> _WHAT IS BEING ASKED_: Wherever a picture sits, omit it. Output the rest of the listing exactly.

> _SOURCE MATERIAL_:
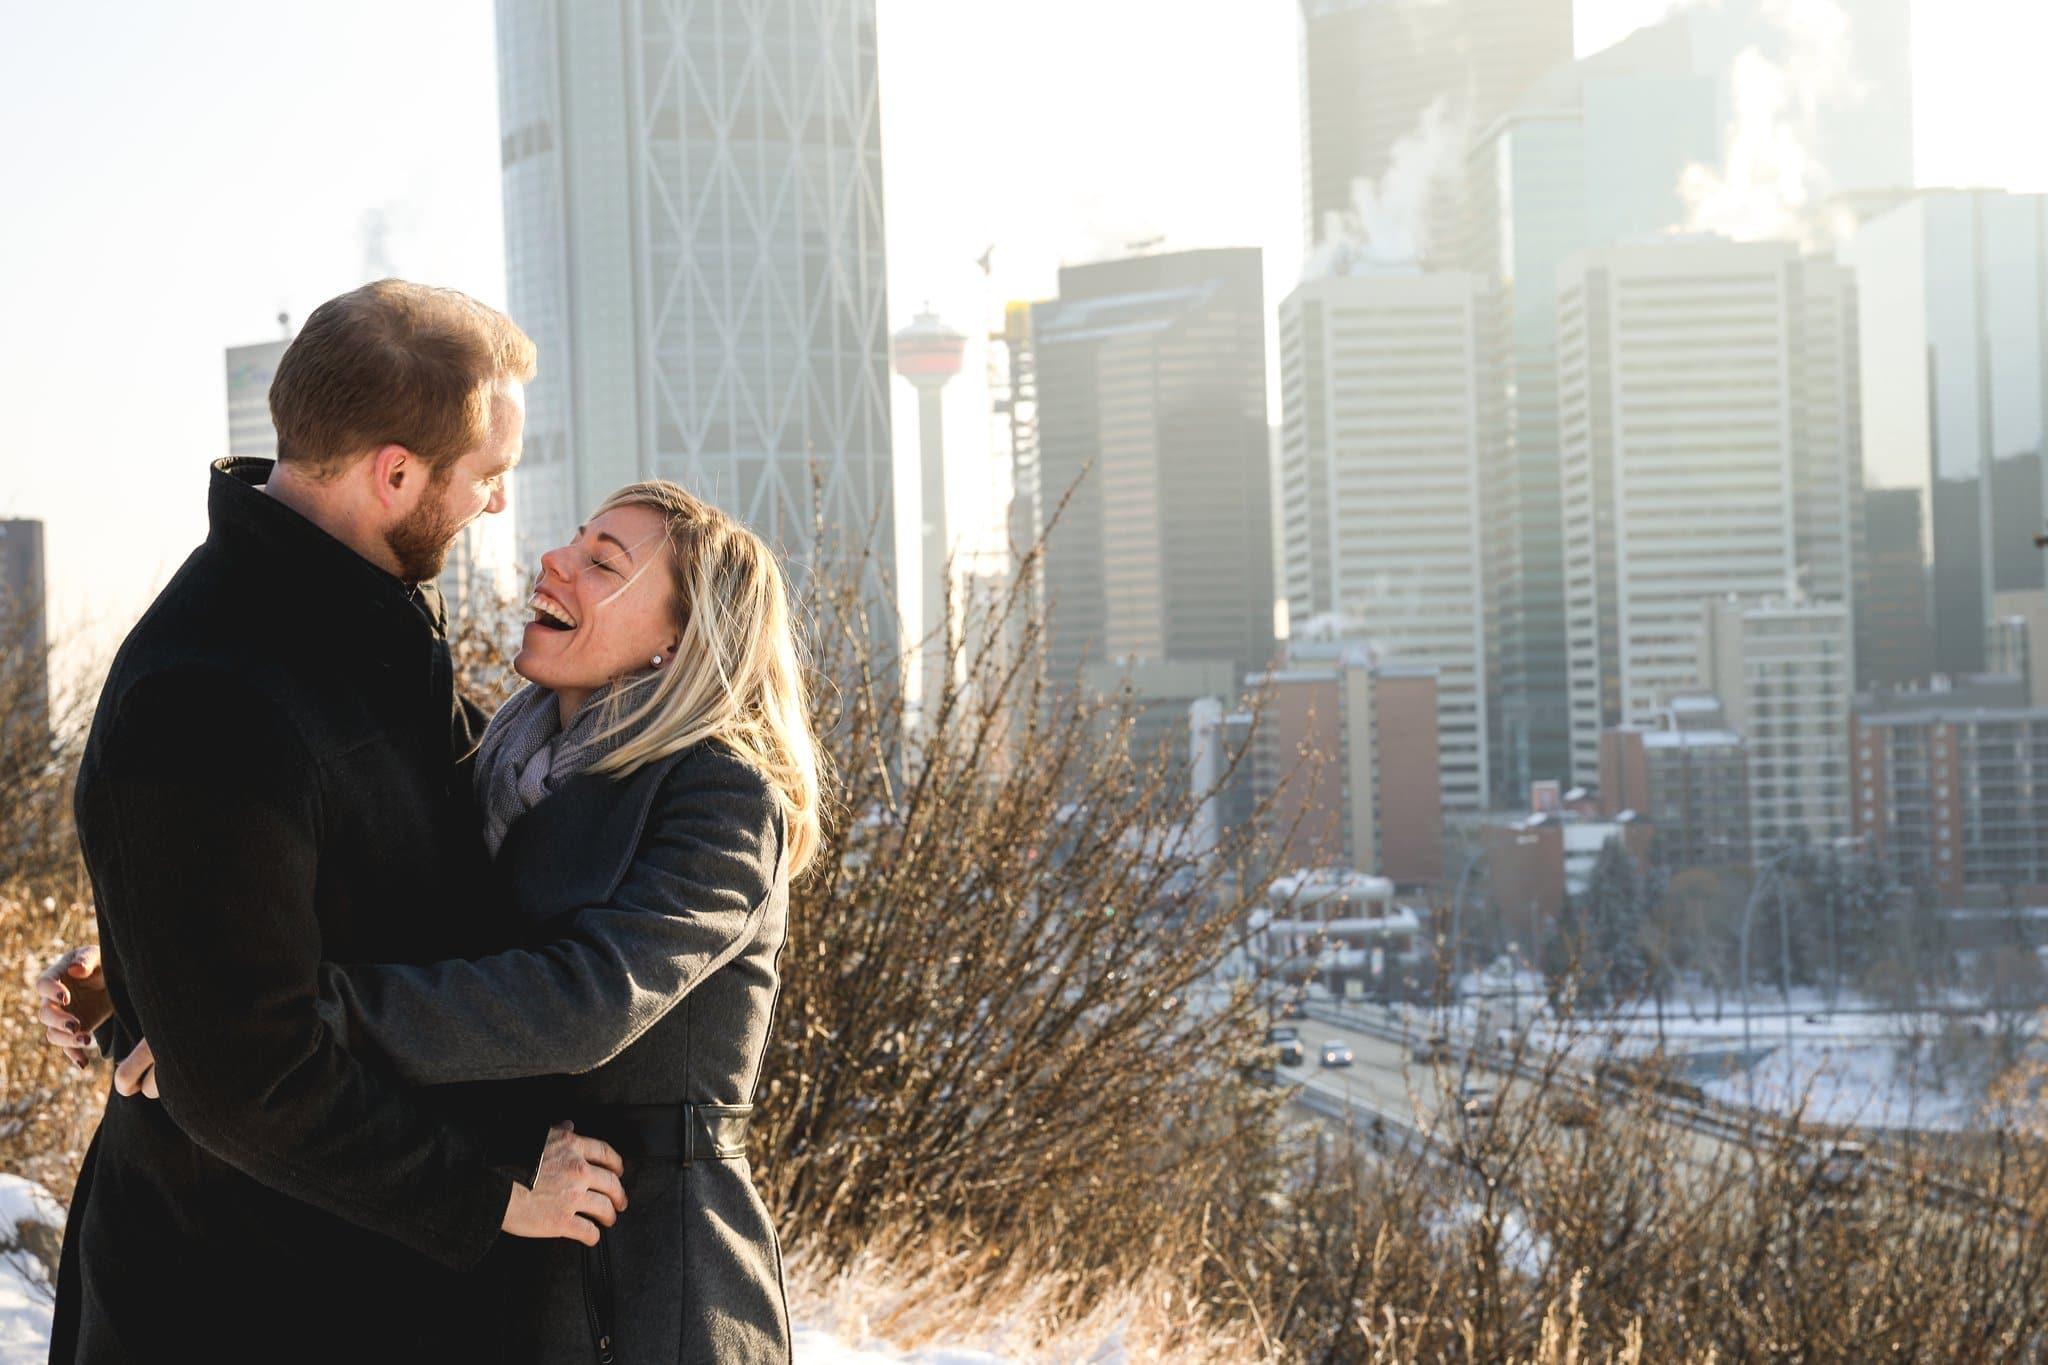 Ashley Daphne Photography Calgary Couple Wedding Photographer Engagement Photos Proposal Photos_0033.jpg
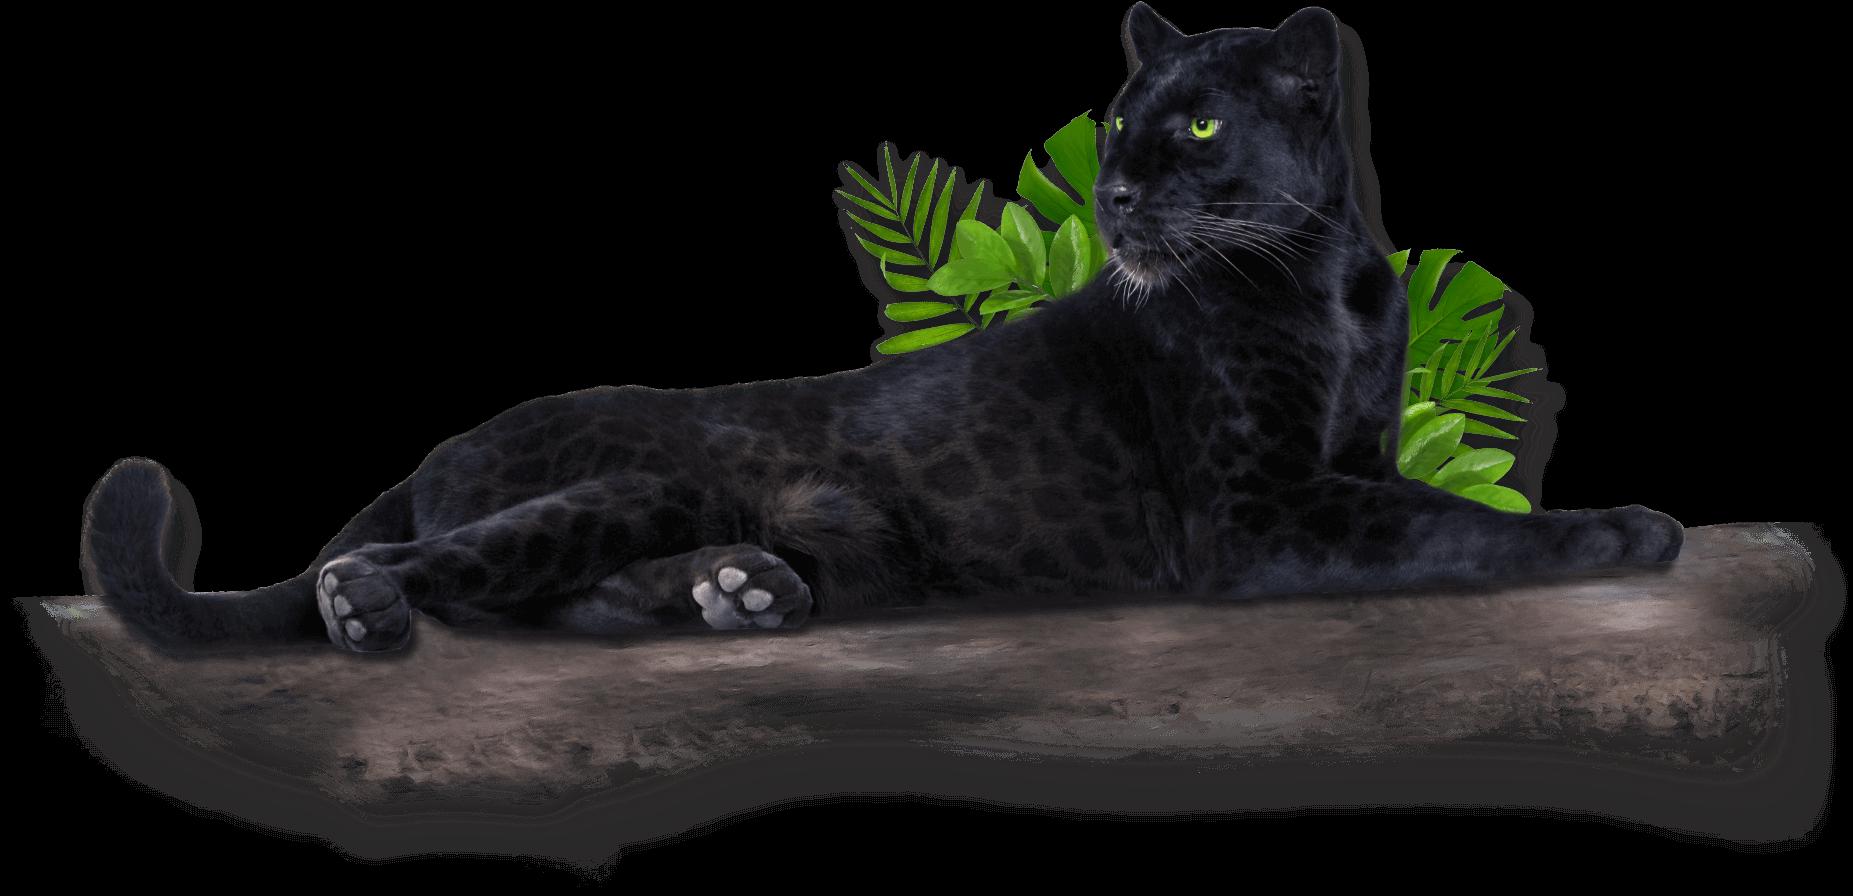 wwf-jaguar
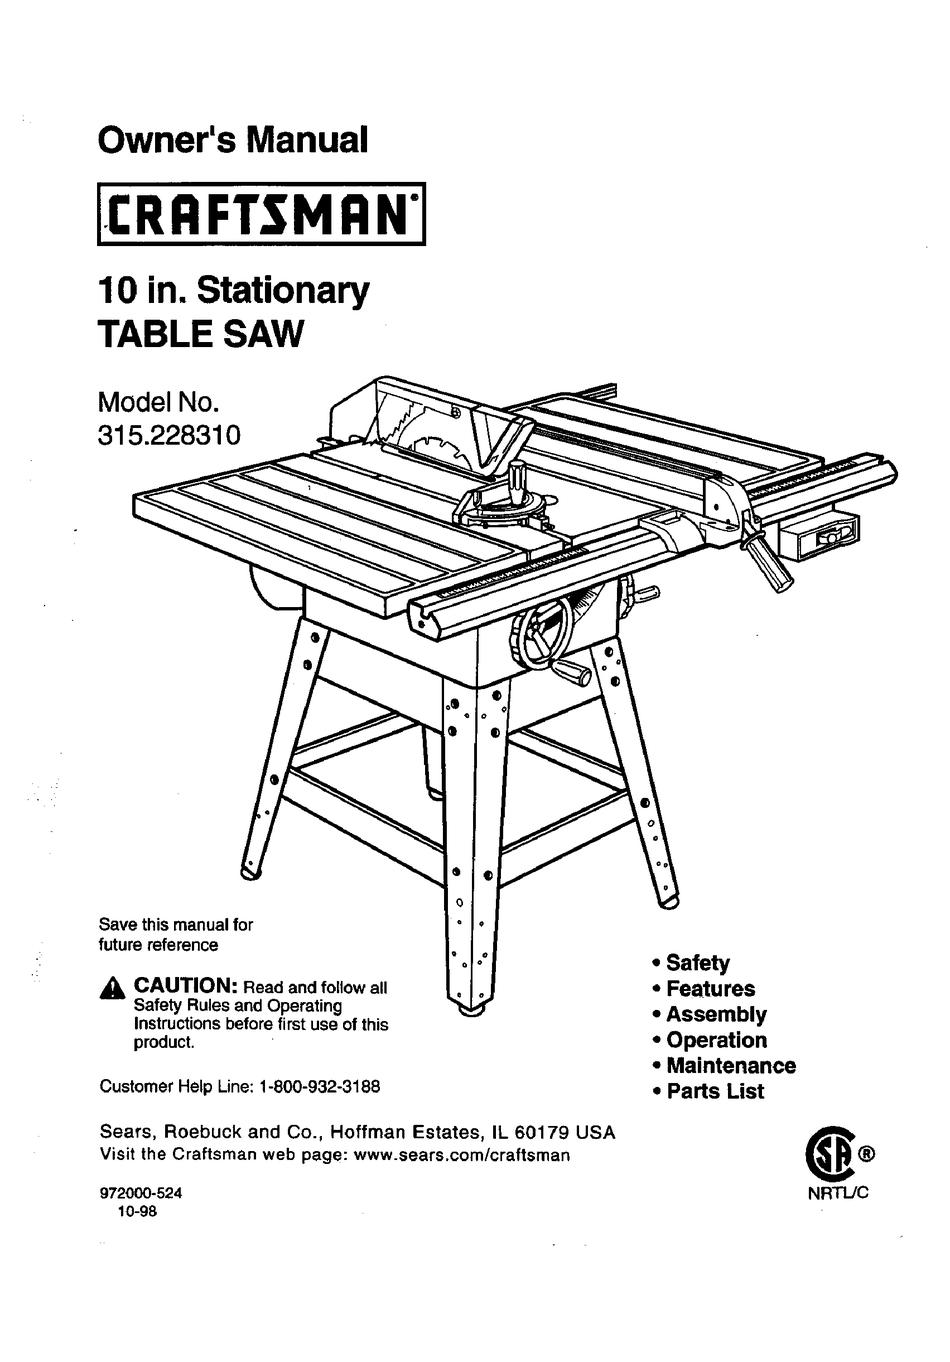 CRAFTSMAN TABLE SAW 315.22831 OWNER'S MANUAL Pdf Download

> _EXERCISE ANSWER_:
 Ashley Daphne Photography Calgary Couple Wedding Photographer Engagement Photos Proposal Photos_0033.jpg
 wwf-jaguar
 CRAFTSMAN TABLE SAW 315.22831 OWNER'S MANUAL Pdf Download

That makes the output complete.